It is learning to look at yourself exactly as you are. See what is there,
accept it fully. Only then can you change it.
Misconception #8- Meditation is a great way to get high
Well, yes and no. Meditation does produce lovely blissful
feelings sometimes. But they are not the purpose, and they don't always occur.
Furthermore , if you do meditation with that purpose in mind, they are less
likely to occur than if you just meditate for the actual purpose of meditation,
which is increased awareness. Bliss results from relaxation, and relaxation
results from r! ! elease of tension. Seeking bliss from meditation introduces
tension into the process, which blows the whole chain of events. It is a Catch-22.
You can only have bliss if you don't chase it. .. Euphoria is not the purpose
of meditation. It will often arise, but is to be regarded as a by-product.

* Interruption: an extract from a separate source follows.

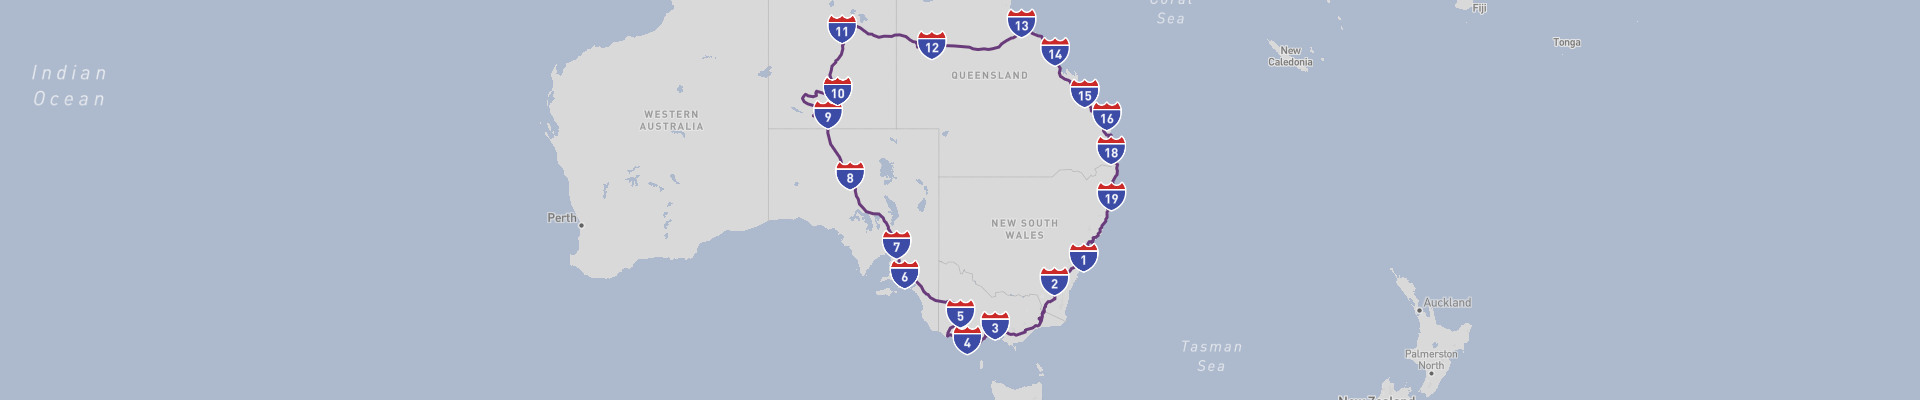 Itinéraire Eastern Australia 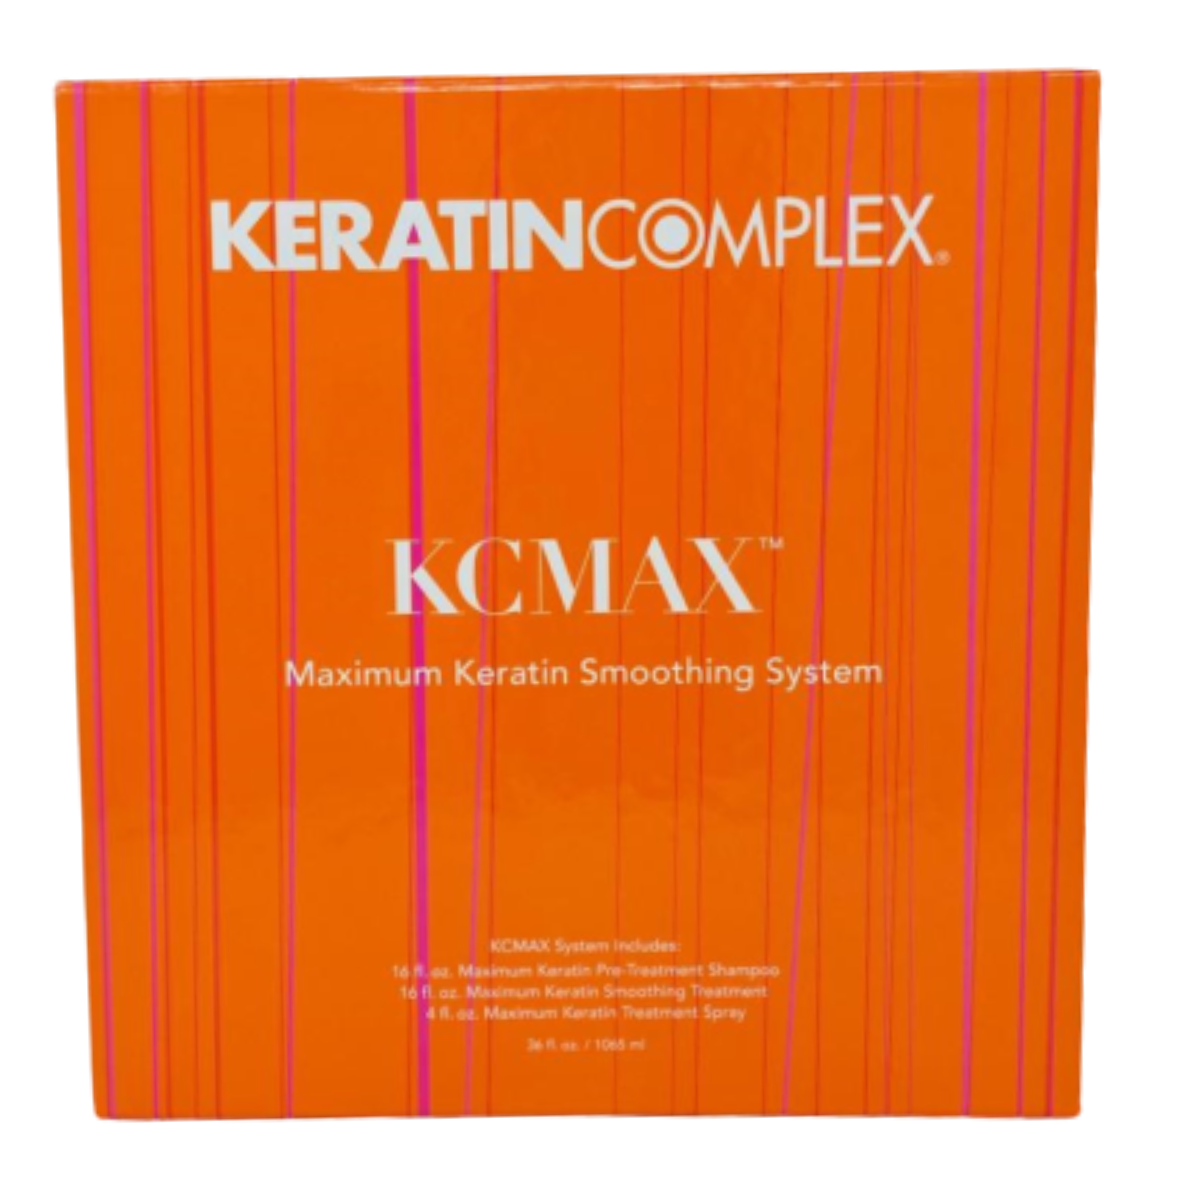 Keratin Complex KCMAX Maximum Keratin Smoothing System 16 oz

Still, it is a very pleasant side-effect, and it becomes more and more frequent
the longer you meditate. ..
Misconception #9- Meditation is selfish
It certainly looks that way. There sits the meditator parked
on his little cushion. Why is he doing this? His intention is to purge his
own mind of anger, prejudice and ill-will. He is actively engaged in the process
of getting rid of greed, tension and insensitivity. Those are the very items
which obstruct his compassion for others. Until they are gone, any good works
that he does are likely to be just an extension of his own ego and of no real
help in the long run. ..Through meditation we become aware of ourselves exactly
as we are, by waking up to the numerous subtle ways that we manifest our own
selfishness. Then we truly begin to be genuinely selfless. Cleansing yourself
of selfishness is not a selfish activity.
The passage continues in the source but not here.